RAW DATA -
###
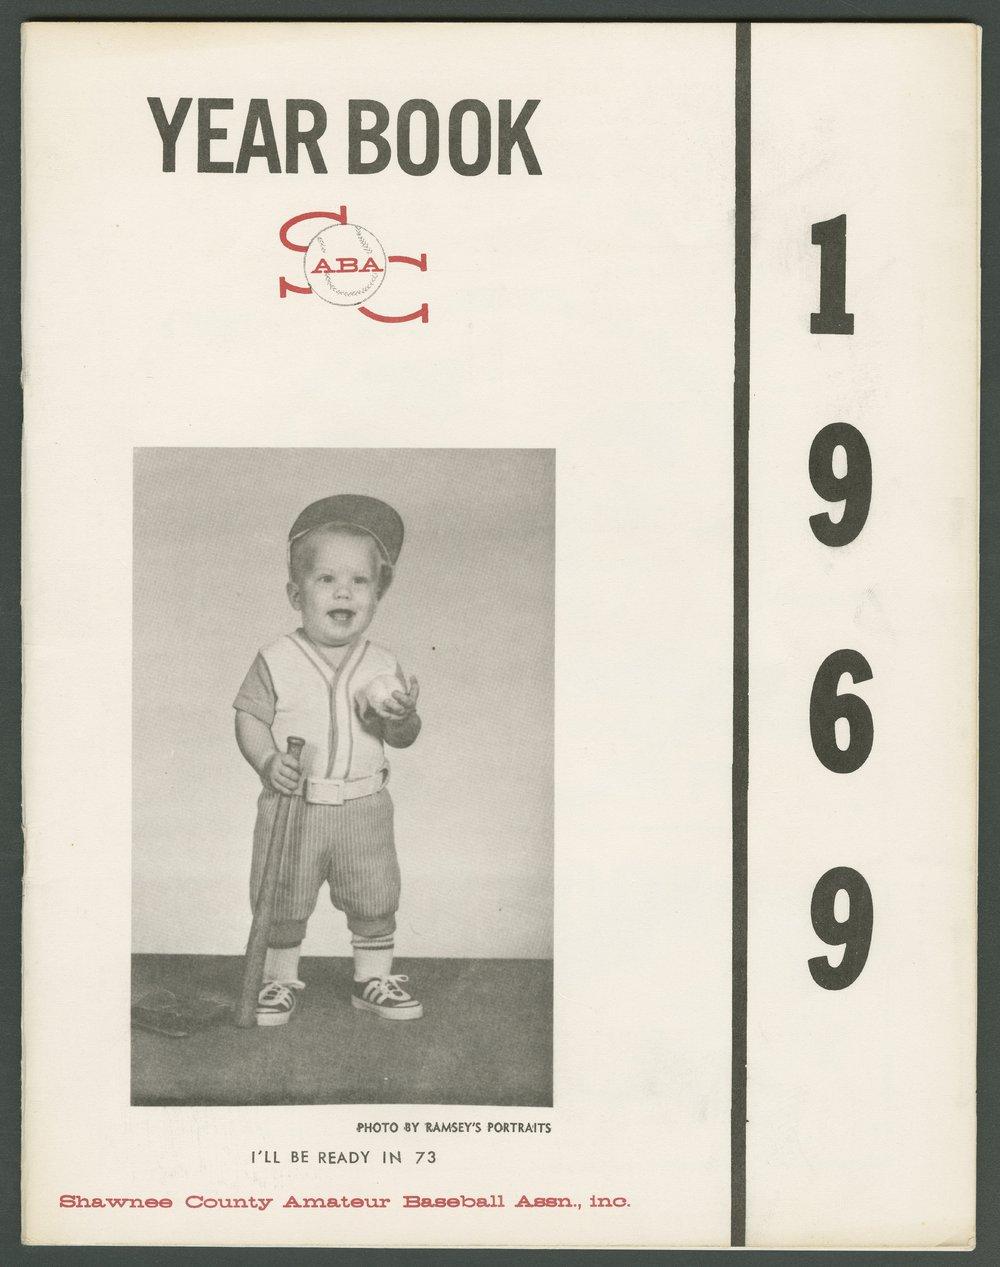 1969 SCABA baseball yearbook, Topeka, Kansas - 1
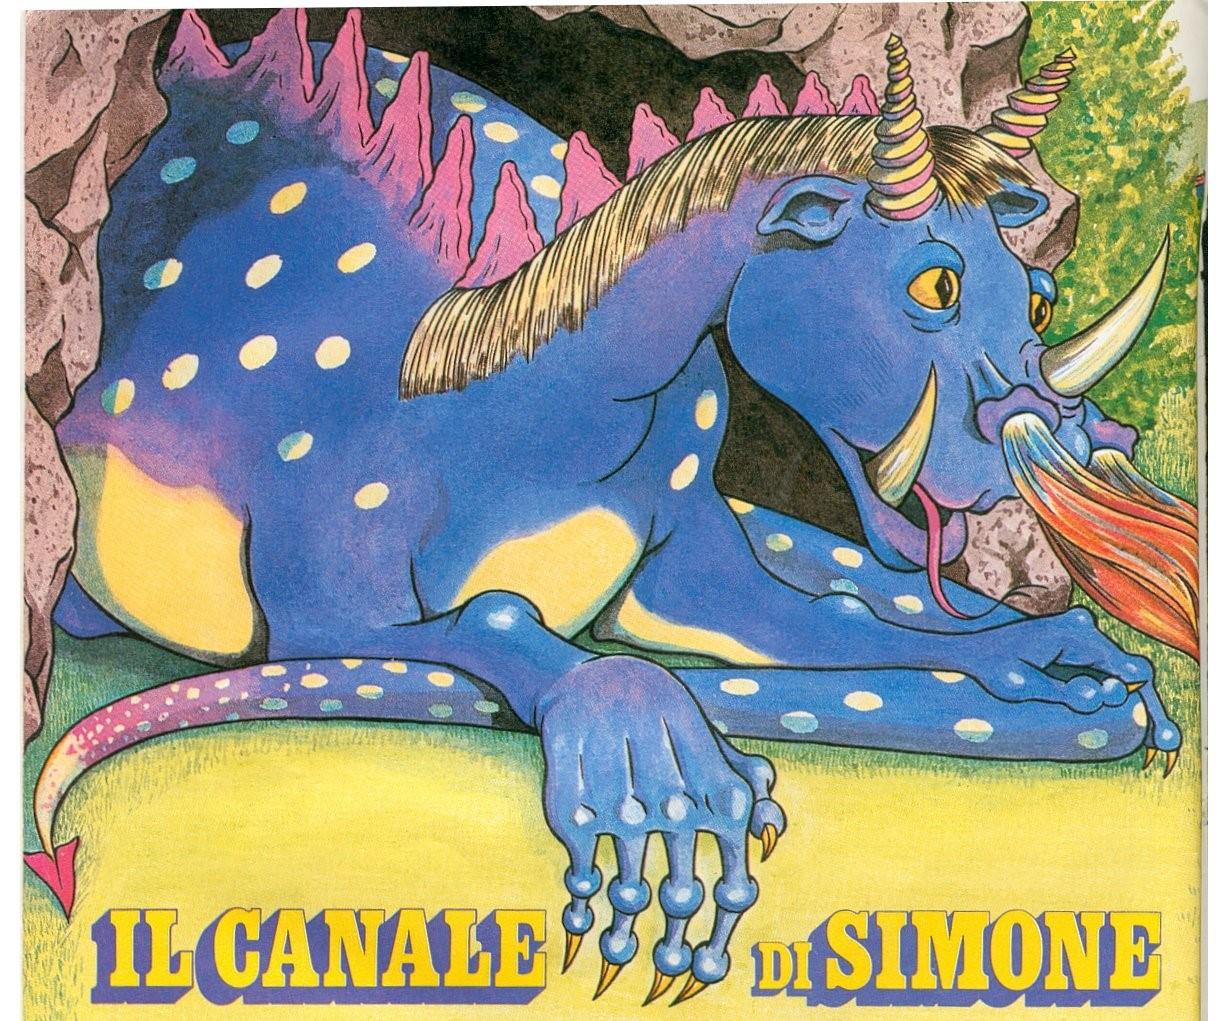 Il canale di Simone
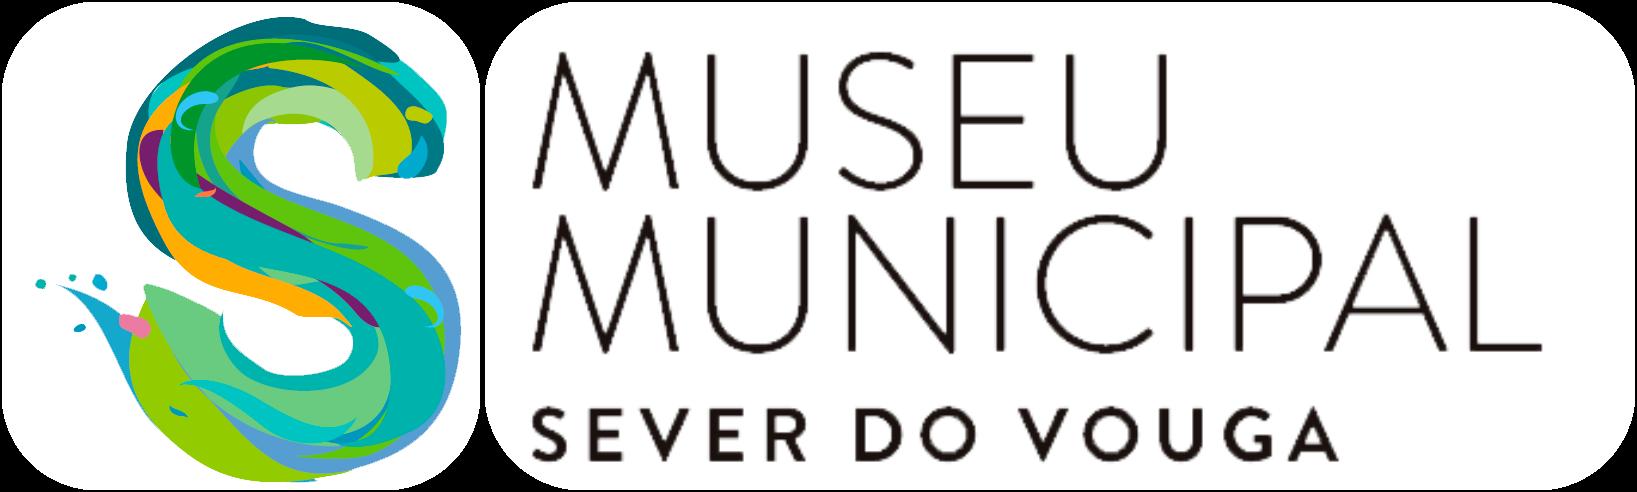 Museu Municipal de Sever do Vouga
###
PROBLEM STATEMENT - Please output the listing above in full, exactly as given, without its images.

EXPECTED OUTPUT -
 1969 SCABA baseball yearbook, Topeka, Kansas - 1
 Il canale di Simone
 Museu Municipal de Sever do Vouga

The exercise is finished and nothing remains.